«Конечно, – с презрением ответил Гитлер. – Неужели вы думаете, что я сумасшедший и буду ломать существующую экономическую систему?»
«Тогда, господин Гитлер, – отвечал Штрассер, – если вы намерены поддерживать капиталистическую систему, вы не должны проповедовать социализм, потому что члены нашей партии в первую очередь – социалисты и они верят в партийную программу, которая, в частности, требует социализации всех трестированных предприятий (пункт 13 из «25 пунктов национал-социализма»).

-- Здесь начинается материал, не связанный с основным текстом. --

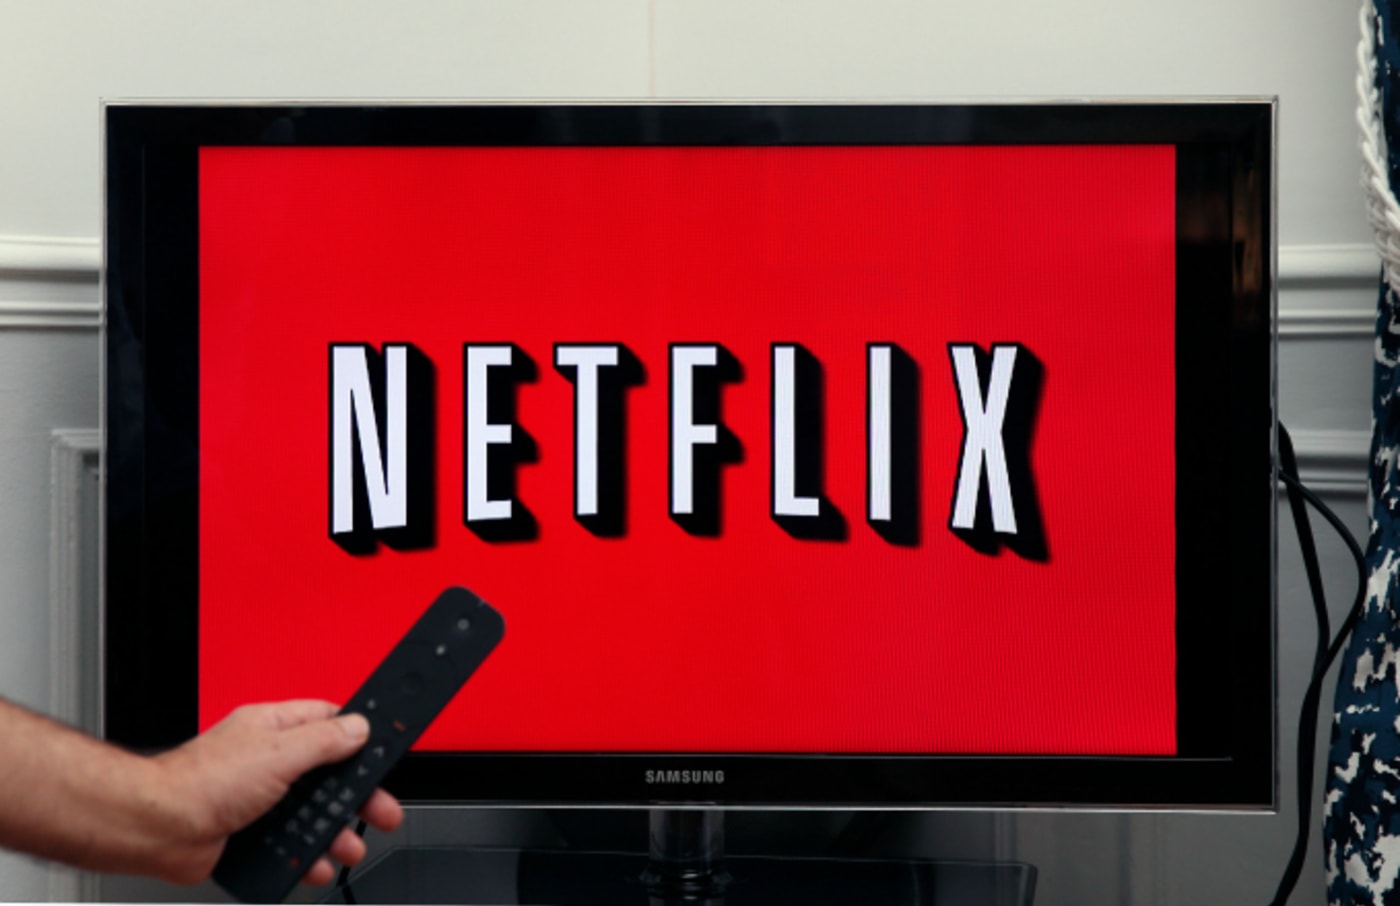 In this photo illustration, the Netflix media service provider's logo

«Слово «социализм», – надменно произнес Гитлер, – само по себе уже плохое. Но в любом случае в программе не говорится о том, что такие концерны
Разговор затягивался, а никаким прогрессом и не пахло. Гитлер упорно отвергал все идеи о совместном управлении и совместной собственности с рабочими, и когда Отто Штрассер вспомнил случай со знаменитым локаутом, в ходе которого, как он сказал, «два-три десятка человек, не выделявшихся из своего окружения, вдруг смогли вывести на улицы 250 000 рабочих Рура», Гитлер заметил: «Мне не нужно никакого совладения или сотрудничества со стороны рабочих, чтобы остановить подобные мероприятия. Все это может сделать сильное государство».
Самым важным результатом этих словесных перепалок с Гитлером для Отто Штрассера стало четкое понимание негативной позиции Гитлера по самому важному вопросу – вопросу социализма. Нужно также отметить, что в этом случае будущий фюрер говорил исключительно откровенно – что для него было большой редкостью. К власти он придет только через три года, но уже сейчас, в подобных дискуссиях, он с готовностью отказывался от всяких доводов и обещаний социалистического плана, выказывая себя человеком, в вопросах политики совершенно беспринципным.
После этих встреч стало ясно, что пребывание Штрассера в гитлеровской партии долго не продлится. Разрыв между понятиями «идея» и «фюрер» стал слишком очевиден. Отто Штрассер понимал, что его место, как он сказал Гитлеру, было рядом с идеей. Чего бы ему это ни стоило.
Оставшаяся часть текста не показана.